Use the deconvreg function to deblur an image using a regularized filter. A regularized filter can be used effectively when limited information is known about the additive noise.
To illustrate, this example simulates a blurred image by convolving a Gaussian filter PSF with an image (using imfilter). Additive noise in the image is simulated by adding Gaussian noise of variance V to the blurred image (using imnoise):
I = imread('tissue.png'); I = I(125+[1:256],1:256,:); figure, imshow(I) title('Original Image')
Image Courtesy Alan W. Partin
PSF = fspecial('gaussian',11,5);
Blurred = imfilter(I,PSF,'conv'); V = .02; BlurredNoisy = imnoise(Blurred,'gaussian',0,V); figure, imshow(BlurredNoisy) title('Blurred and Noisy Image')
NP = V*prod(size(I)); [reg1 LAGRA] = deconvreg(BlurredNoisy,PSF,NP); figure,imshow(reg1) title('Restored Image')

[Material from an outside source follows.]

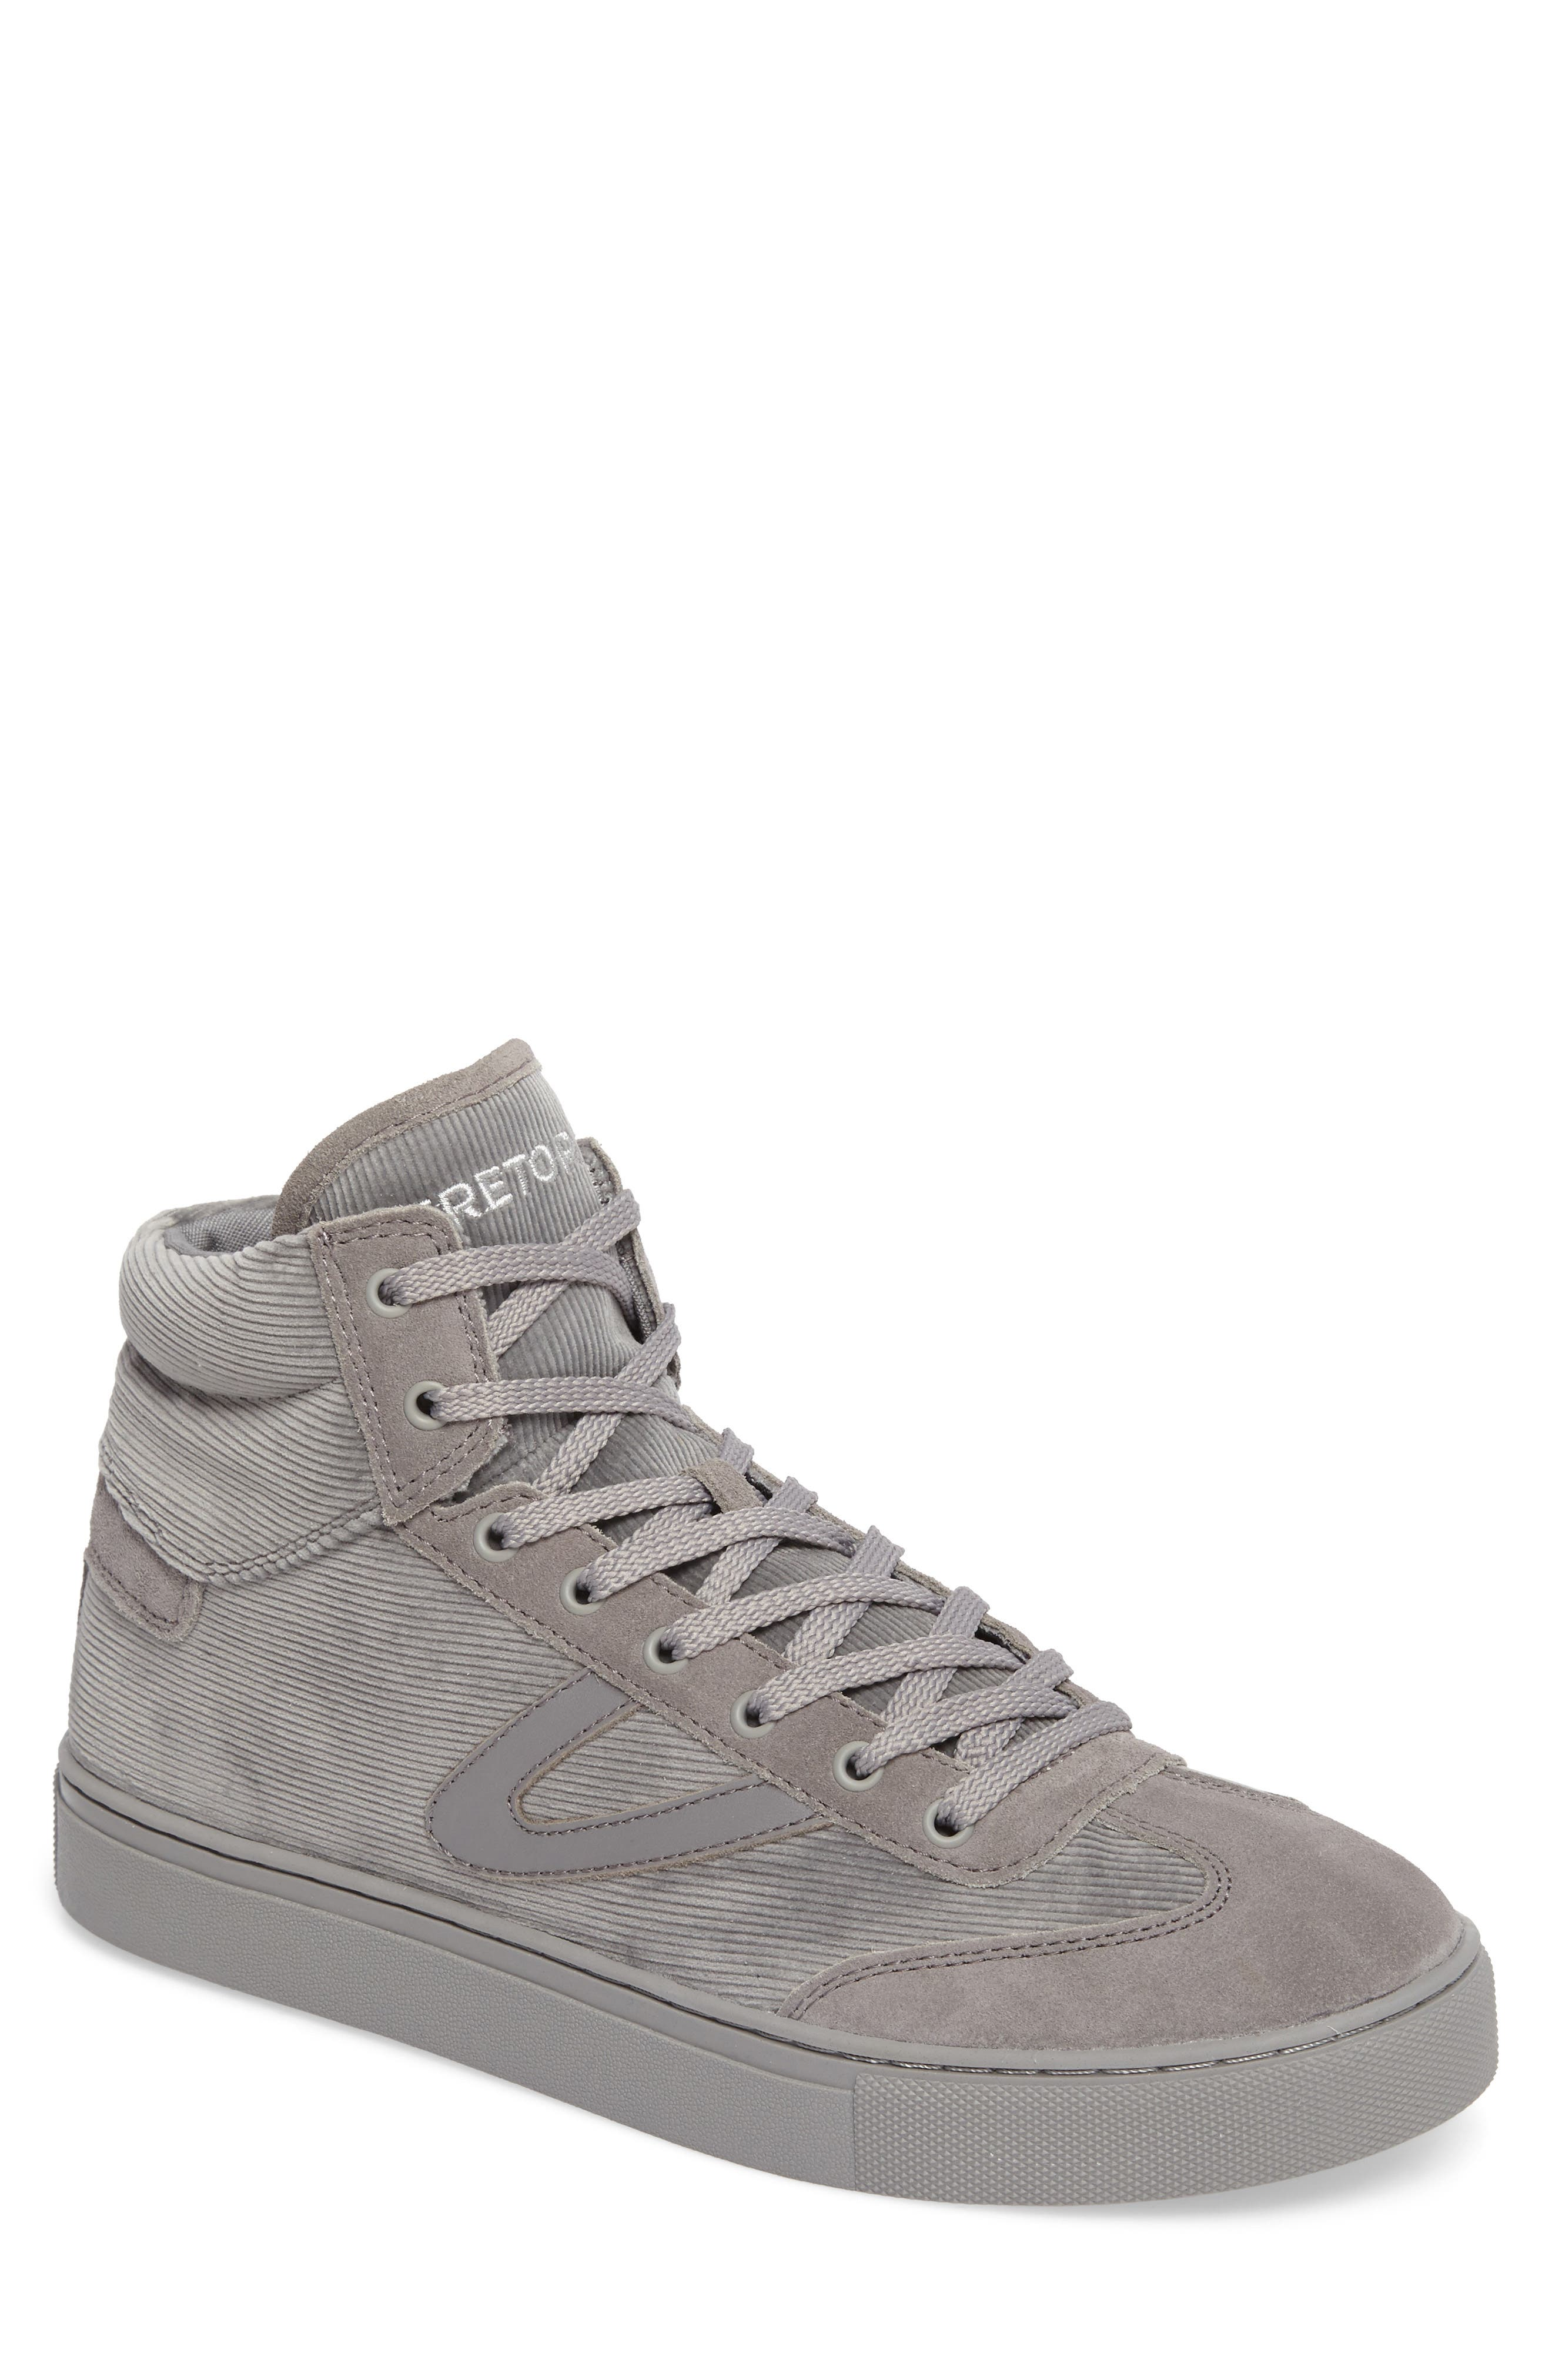 Jack High Top Sneaker,                         Main,                         color, Grey/ Grey

You can affect the deconvolution results by providing values for the optional arguments supported by the deconvreg function. Using these arguments you can specify the noise power value, the range over which deconvreg should iterate as it converges on the optimal solution, and the regularization operator to constrain the deconvolution. To see the impact of these optional arguments, view the Image Processing Toolbox™ deblurring examples.